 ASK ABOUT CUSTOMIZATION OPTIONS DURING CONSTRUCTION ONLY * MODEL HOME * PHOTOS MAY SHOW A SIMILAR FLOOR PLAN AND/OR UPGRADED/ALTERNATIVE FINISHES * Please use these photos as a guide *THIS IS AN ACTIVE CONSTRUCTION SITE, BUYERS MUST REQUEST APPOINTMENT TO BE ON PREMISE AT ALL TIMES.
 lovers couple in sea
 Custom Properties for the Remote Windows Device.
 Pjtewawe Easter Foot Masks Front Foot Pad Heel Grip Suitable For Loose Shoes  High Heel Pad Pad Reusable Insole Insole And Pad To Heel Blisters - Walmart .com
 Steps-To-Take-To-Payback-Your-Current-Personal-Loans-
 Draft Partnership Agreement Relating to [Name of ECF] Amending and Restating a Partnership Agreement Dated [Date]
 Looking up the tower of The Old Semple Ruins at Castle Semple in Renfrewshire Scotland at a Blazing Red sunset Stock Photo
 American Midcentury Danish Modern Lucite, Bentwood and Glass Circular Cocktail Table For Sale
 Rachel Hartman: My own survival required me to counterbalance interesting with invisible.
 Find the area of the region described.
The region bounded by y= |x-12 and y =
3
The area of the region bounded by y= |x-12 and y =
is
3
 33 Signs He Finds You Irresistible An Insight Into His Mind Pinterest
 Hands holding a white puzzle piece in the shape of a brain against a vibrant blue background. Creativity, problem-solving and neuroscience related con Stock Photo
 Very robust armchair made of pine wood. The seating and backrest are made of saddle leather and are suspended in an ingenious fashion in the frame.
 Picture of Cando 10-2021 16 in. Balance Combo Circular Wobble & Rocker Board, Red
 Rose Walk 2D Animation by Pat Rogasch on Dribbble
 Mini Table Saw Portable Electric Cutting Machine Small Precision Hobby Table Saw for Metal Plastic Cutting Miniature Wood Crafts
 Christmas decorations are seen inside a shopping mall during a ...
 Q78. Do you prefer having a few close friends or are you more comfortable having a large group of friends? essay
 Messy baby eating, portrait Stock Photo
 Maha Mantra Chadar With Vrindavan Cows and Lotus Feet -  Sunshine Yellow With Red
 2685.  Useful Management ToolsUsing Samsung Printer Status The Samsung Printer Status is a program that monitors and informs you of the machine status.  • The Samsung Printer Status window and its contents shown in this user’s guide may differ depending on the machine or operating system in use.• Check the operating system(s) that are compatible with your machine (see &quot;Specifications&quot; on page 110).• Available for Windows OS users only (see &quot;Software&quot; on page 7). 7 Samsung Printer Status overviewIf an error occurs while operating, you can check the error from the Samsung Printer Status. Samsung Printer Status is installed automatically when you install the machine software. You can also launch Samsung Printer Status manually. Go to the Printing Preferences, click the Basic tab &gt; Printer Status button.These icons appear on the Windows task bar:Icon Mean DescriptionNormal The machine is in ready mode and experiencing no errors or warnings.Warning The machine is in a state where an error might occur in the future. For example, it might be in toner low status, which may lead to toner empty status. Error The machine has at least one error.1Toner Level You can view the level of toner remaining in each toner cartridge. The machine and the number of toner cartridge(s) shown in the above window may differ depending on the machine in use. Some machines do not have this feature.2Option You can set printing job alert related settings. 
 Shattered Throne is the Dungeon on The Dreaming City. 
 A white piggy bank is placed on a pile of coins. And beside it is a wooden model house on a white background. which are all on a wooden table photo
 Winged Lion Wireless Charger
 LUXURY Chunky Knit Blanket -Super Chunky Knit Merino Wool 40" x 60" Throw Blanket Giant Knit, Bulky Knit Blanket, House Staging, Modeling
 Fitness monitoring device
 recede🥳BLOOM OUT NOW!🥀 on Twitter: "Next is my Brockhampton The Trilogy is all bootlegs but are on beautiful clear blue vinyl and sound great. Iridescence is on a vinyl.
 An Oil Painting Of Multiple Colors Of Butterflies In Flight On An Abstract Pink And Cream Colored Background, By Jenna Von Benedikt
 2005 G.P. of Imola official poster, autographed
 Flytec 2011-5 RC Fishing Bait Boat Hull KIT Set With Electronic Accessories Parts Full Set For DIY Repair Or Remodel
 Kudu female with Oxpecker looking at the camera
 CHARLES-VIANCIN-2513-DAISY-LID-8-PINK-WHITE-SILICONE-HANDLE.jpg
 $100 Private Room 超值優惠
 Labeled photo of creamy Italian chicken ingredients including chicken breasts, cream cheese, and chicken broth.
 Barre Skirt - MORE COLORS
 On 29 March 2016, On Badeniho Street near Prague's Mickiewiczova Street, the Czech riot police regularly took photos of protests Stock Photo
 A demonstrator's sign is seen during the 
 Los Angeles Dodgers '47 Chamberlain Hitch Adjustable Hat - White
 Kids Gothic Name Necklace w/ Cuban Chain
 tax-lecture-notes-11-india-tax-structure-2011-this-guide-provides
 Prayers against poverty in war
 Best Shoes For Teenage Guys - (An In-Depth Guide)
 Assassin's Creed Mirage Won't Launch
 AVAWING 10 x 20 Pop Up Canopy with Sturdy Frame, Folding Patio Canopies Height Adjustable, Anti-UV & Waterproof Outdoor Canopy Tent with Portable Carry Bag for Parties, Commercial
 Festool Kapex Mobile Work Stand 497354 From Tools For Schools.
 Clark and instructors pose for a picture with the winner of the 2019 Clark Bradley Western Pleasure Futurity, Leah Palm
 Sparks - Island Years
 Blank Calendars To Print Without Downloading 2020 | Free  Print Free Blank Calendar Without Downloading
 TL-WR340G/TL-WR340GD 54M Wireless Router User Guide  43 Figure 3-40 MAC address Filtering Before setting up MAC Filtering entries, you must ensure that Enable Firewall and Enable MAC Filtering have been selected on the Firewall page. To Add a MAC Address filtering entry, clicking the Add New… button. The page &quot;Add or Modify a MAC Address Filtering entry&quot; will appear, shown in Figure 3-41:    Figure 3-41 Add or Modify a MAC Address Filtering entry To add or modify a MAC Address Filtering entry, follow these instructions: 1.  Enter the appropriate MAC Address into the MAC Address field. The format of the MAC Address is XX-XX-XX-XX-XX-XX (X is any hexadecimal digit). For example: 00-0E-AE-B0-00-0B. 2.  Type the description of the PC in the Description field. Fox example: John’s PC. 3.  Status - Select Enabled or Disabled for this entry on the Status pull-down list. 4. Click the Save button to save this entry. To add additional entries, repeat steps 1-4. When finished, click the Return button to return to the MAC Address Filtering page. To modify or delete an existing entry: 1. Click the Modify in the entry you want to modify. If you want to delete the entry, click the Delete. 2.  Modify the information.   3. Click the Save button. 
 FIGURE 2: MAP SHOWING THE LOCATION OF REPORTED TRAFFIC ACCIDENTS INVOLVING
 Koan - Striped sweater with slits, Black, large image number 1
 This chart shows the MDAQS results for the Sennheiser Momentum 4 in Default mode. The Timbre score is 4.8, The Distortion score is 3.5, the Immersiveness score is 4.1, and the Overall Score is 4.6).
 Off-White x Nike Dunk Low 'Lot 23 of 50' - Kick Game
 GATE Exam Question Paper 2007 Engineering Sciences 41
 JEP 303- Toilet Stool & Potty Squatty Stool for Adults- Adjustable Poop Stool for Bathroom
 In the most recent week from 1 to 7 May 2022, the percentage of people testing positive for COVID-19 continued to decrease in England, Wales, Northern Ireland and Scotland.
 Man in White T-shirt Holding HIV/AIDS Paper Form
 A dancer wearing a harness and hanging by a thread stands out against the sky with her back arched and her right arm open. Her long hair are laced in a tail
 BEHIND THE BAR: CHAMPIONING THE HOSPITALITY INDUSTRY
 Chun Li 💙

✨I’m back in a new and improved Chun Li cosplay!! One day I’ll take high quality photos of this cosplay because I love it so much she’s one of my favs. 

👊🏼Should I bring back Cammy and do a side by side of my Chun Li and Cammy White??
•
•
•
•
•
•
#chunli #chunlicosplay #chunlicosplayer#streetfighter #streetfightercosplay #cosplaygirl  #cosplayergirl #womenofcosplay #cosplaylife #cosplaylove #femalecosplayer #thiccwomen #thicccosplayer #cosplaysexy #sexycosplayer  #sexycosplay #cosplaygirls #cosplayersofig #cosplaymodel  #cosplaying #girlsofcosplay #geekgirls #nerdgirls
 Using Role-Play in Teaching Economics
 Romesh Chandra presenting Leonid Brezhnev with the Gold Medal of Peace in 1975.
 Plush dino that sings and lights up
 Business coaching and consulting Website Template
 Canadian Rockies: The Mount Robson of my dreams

------------------------

> [TASK INSTRUCTIONS] Reproduce only the lines above, starting at the line with "Find the area of the region described." and ending at the line with "Rose Walk 2D", exactly as written.

> [EXERCISE OUTPUT]
 Find the area of the region described.
The region bounded by y= |x-12 and y =
3
The area of the region bounded by y= |x-12 and y =
is
3
 33 Signs He Finds You Irresistible An Insight Into His Mind Pinterest
 Hands holding a white puzzle piece in the shape of a brain against a vibrant blue background. Creativity, problem-solving and neuroscience related con Stock Photo
 Very robust armchair made of pine wood. The seating and backrest are made of saddle leather and are suspended in an ingenious fashion in the frame.
 Picture of Cando 10-2021 16 in. Balance Combo Circular Wobble & Rocker Board, Red
 Rose Walk 2D Animation by Pat Rogasch on Dribbble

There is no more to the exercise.